How to parameterise a prior when all you know is the mean and one other percentile.
Updated 2019-03-05: Python implementation and R improvements.
Given a distribution, how do you find the parameters? When choosing a beta prior for a Bayesian A/B test, for example.
I came up with these parameters for two reasons:
The mean is \(\frac{\alpha}{\alpha + \beta} = \frac{81}{81 + 219} = .270\)
As you can see in the plot, this distribution lies almost entirely within (.2,.35)- the reasonable range for a batting average. – David Robinson
What David Robinson is doing is best-practice for choosing a prior – ask an expert. But he makes a huge leap from what the expert says to what the parameters are. Normally you’d use dbeta(shape1, shape2)
to get the distribution for given parameters, but here the problem is reversed: find the parameters for a distribution with a mean of .270 and a cumulative density of, say, .99 between .2 and .35.

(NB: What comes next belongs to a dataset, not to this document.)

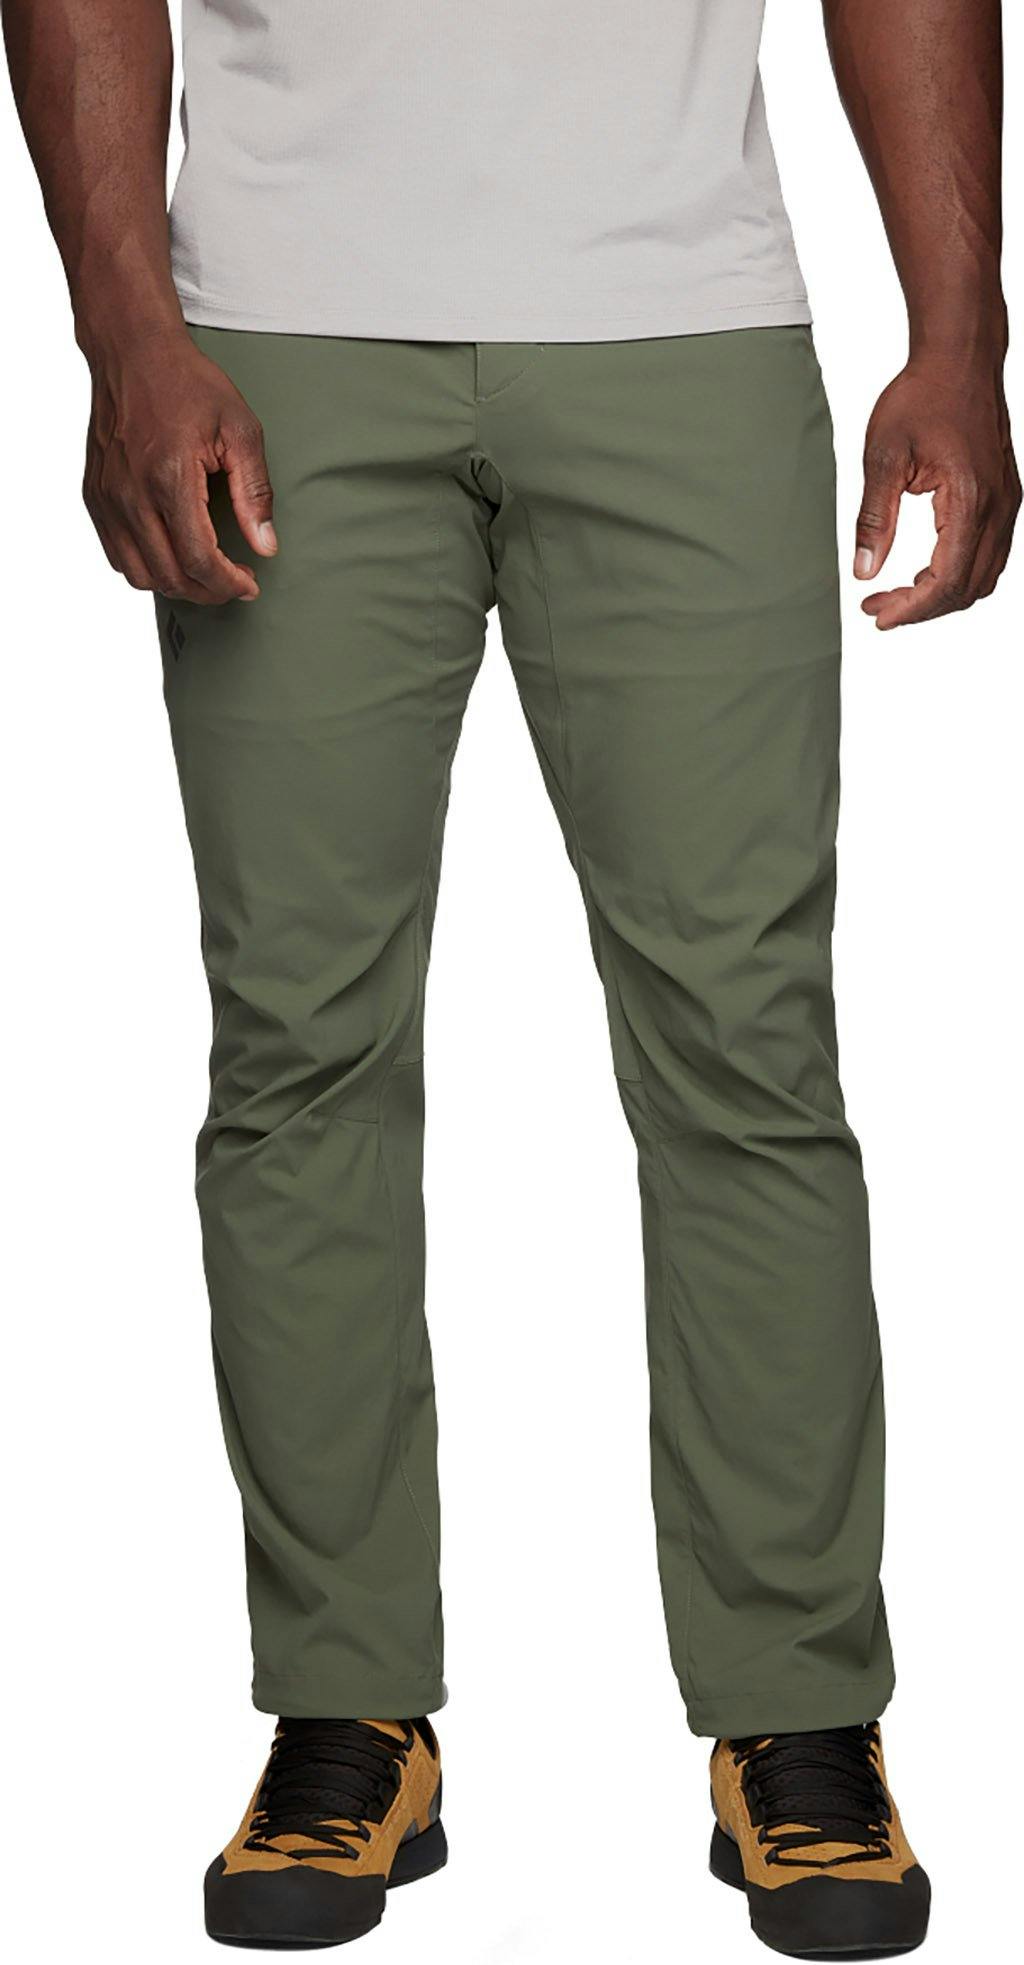 Product image for Technician Alpine Pants - Men's

How did David Robinson come up with the parameters 81 and 219? There aren’t tools for that. Perhaps he’s brainy enough to do the maths in his head and think, “Hmm, beta with mean = .270 and most of it between .2 and .35, in that case 81 and 219 should be about right.” Or perhaps he just tried some numbers and adjusted them until they worked. There are online tools for that, or you can use R. For example, here’s a beta distribution with an initial guess of the parameters shape1 = 2
and shape2 = 4
).
curve(dbeta(x, 2, 4), from = 0, to = 1, type = "l")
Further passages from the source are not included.